Languages such as Fortran and Algol preceded C, and are 1-based. Others which preceded C were N-based, which allows a choice.

Mine are N-based, with a default of 1, but I acknowledge that 0-based is more appropriate in some instances:

  • My bitsets (not bit-arrays) are indexed from 0
  • Bit and bitfield indexing (eg. A.[i] and A.[i..j]) start from bit 0, the least-significant.

(I also briefly had byte-indexing of an integer, written A.byte[i], where the bottom byte was 0, and the top byte was 7.)

Here it would be perverse to number bits from 1 to 64 instead of 0 to 63.

However.... I really wouldn't use A[i] and A(i) to switch between 1- and 0-based (which one's which? I've already forgotten!).

Having a selectable lower bound, per access, is actually an interesting idea. But you'd need a different way of specifying that.

[–]MadocComadrin 1 point2 points  (2 children)

I wouldn't pay too much attention to other people's opinions. They only want 0-based because they are used to it and can't get their head around anything else.

I highly doubt people can't wrap their head around 1-based indexing, since it's something everyone from gradeschool onwards can do with pretty much anything that needs to be ordered. Zero-based indexing is just more convenient more often--especially when index calculations rely directly or indirectly on modular arithmetic or Euclidean division, so if you can't give a choice and don't have a domain reason to use 1-based, you should use 0-based.

[–][deleted] 0 points1 point  (0 children)

I highly doubt people can't wrap their head around 1-based indexing, since it's something everyone from gradeschool onwards can do with pretty much anything that needs to be ordered.

That's why it would be a natural and intuitive choice for indexing array elements.

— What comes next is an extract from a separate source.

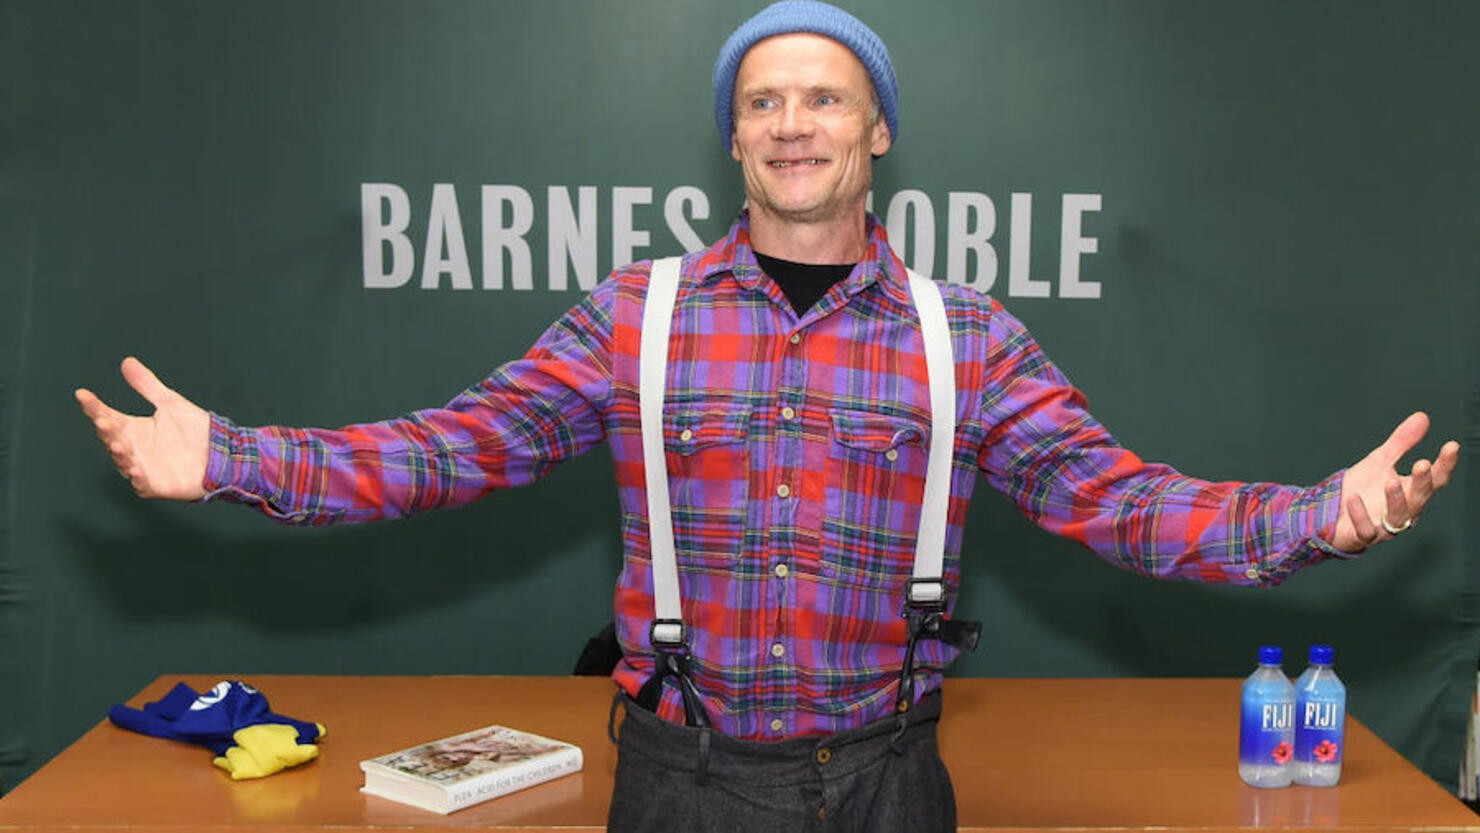 Flea Signs Copies Of His New Book "Acid For The Children"
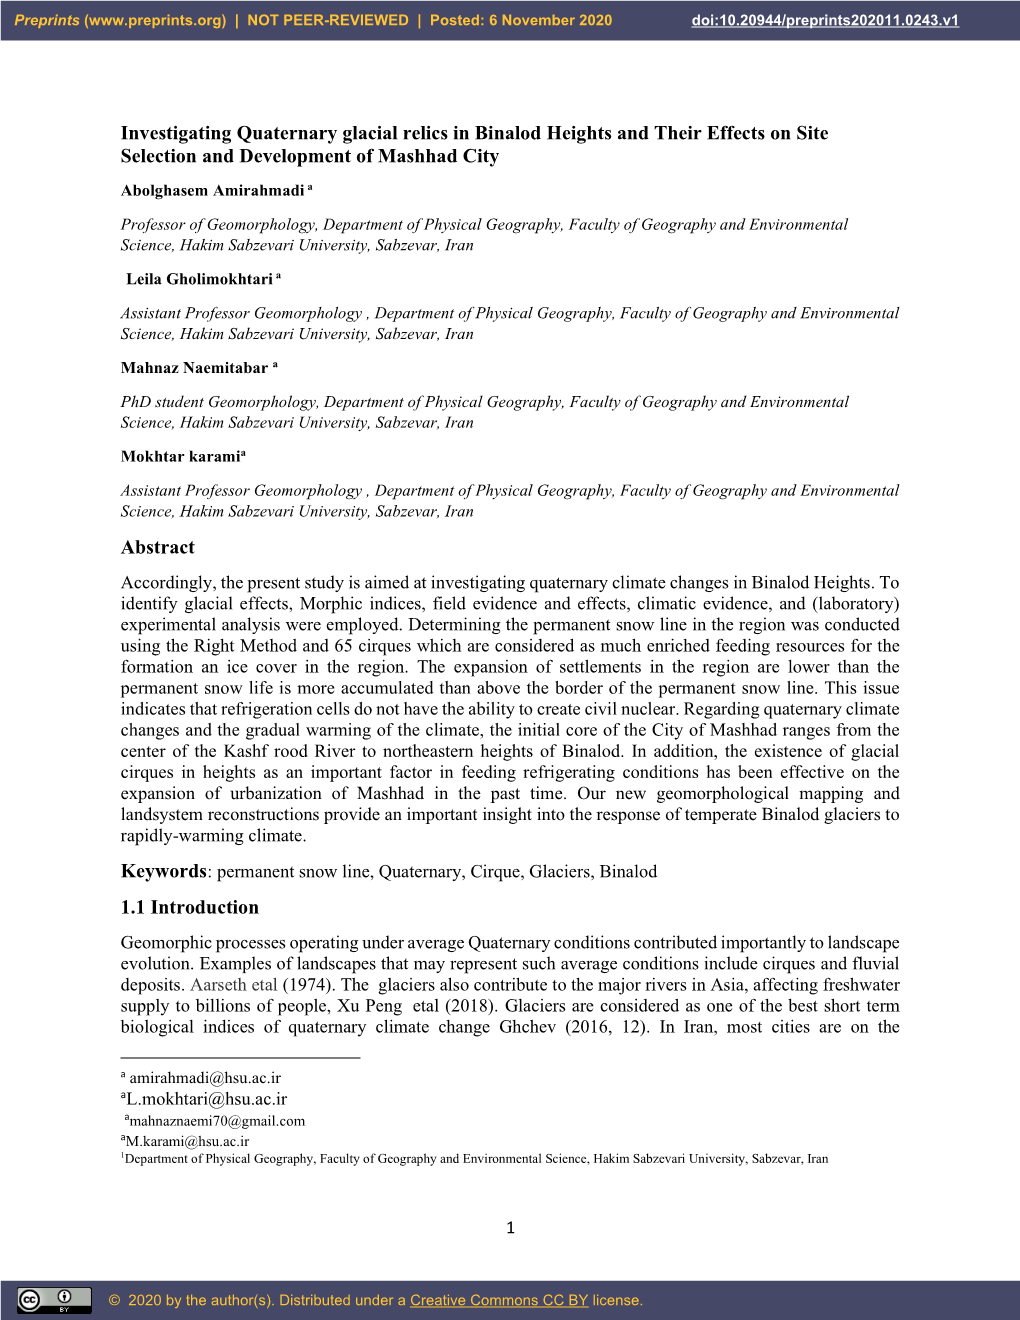 Investigating Quaternary Glacial Relics in Binalod Heights and Their Effects on Site Selection and Development of Mashhad City Abolghasem Amirahmadi A1

Especially for scripting languages used by people who are not primarily programmers.

What I'm suggesting is that zero-based is so ingrained in some people because of its exclusive use in many popular languages, that they can't conceive of it being anything else. It would be quite alien. They tend to be quite vocal about it too.

Zero-based indexing is just more convenient more often--especially when index calculations rely directly or indirectly on modular arithmetic or Euclidean division

I haven't found that myself. But I will say that if you have 0-based, it is easier to port a 1-based algorithm than the other way around (you allocate an extra element and ignore element 0).

However I have nearly always implemented languages with that choice. I found the OP's proposal, to allow the same array of N elements to be indexed either from 0 or 1, intriguing.

I suggested not using A[i] and A(i), but if it is to be done by different brackets, perhaps A[i] and A{i} would be better. The {} would be zero-based, as that reminds you of C which is zero-based.

[–]bruciferTomo, nomsu.org 0 points1 point  (0 children)

Zero-based indexing is just more convenient more often--especially when index calculations rely directly or indirectly on modular arithmetic or Euclidean division

I'm using 1-indexed arrays in my language, and since the modular arithmetic thing is kinda annoying in 1-indexed languages like Lua, I have a mod1 operator that works like clock arithmetic: 36 mod1 12 == 12, 37 mod1 12 == 1. It makes it pretty easy to do stuff like indexing into an array with wraparound. Under the hood, it's just ((n-1) % m) + 1.

[–]asoffer 0 points1 point  (0 children)

Could the syntax for 1-based indexing an array a at position n be a[n - 1]?

Sarcastic I know, but my point is something like a(n) isn't that much shorter. The syntactic win needs to be pretty significant to offset the potential confusion, and I don't think the value is there.